Некоторые исследователи полагают, что те немногие данные, которые имеются о Сапожникове, глубоко противоречивы. С одной стороны, купец имел тесные связи с декабристами и разделял их взгляды, выражал недовольство существующим положением в России, но с другой, «невзирая на сочувствие» к тайному обществу, одновременно дал совет Ростовцеву «раскрыть заговор» Николаю I. Так, А.П. Банников считает, что перед нами результат «сложной игры», которую вел на допросах Штейнгейль, автор показаний о Сапожникове, чтобы вывести его «из под удара» и оградить от преследования.

Однако противоречие здесь кажущееся. Если считать письмо Ростовцева не доносом, а средством давления на великого князя - задуманного с той же целью, с которой члены тайного общества осуществили открытое выступление, - то Сапожников (вместе с Ростовцевым) оказывается единомышленником своих товарищей по декабристскому обществу. Но самое важное, что явствует из комплекса свидетельств о Сапожникове, заключается в том, что замысел визита Ростовцева был тесно связан с интересами, практическими намерениями и планами заговорщиков.

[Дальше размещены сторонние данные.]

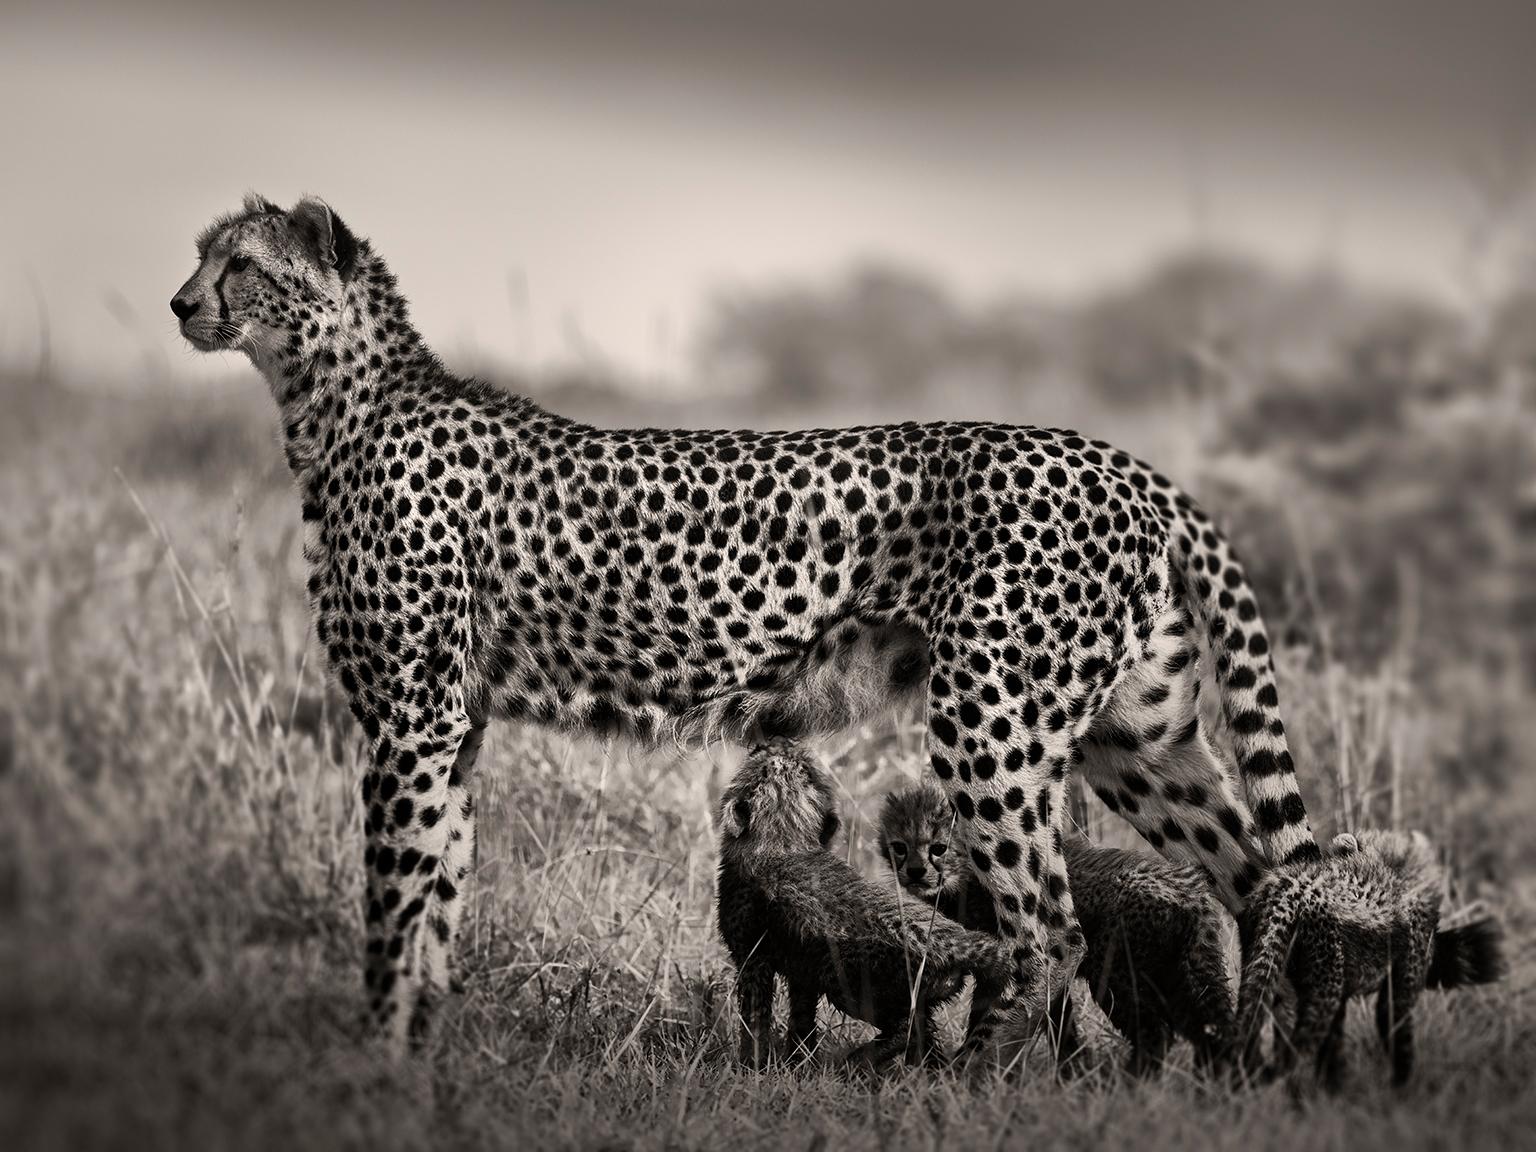 Joachim Schmeisser Black and White Photograph – Cheetah säugt Babys, Schwarz-Weiß-Fotografie, Afrika, Porträt, Tierwelt

Инициатива «демарша» 12 декабря исходила, согласно этим свидетельствам, из кругов, не просто близких к тайному обществу и разделявших политические взгляды его участников, но и непосредственно вошедших в ряды заговорщиков (Ростовцев, Сапожников).

20

3. Николай I и Ростовцев. Свидетельства и отзывы о «демарше» Ростовцева. Объективные последствия акции 12 декабря

Кроме самого Ростовцева, казненного Рылеева, Оболенского, а также императора Николая I, фактически больше никто достоверно не знал ни о содержании встречи 12 декабря и состоявшегося разговора между подпоручиком и будущим императором, ни о причинах появления Ростовцева в Зимнем дворце. Все прочие судили об этом из вторых рук, в пересказах действующих лиц, излагавших ту или иную версию событий. К сожалению, второй участник встречи 12 декабря 1825 г. не оставил подробного описания и развернутых оценок этого эпизода междуцарствия. Как известно, помета «Прибавить о Ростовцеве» была сделана между строк воспоминаний императора - видимо, не одновременно с основным текстом, - однако прибавить что-либо к написанному Николай I не захотел.

Интересно, что император вспомнил о своей встрече с Ростовцевым и знакомстве с его письмом именно в том месте воспоминаний, где говорилось: «Я предчувствовал, что, повинуясь воле братней, иду на гибель, но нельзя было иначе, и долг повелевал сообразить единственно, как исполнить сие с меньшею опасностью недоразумений и ложных наветов».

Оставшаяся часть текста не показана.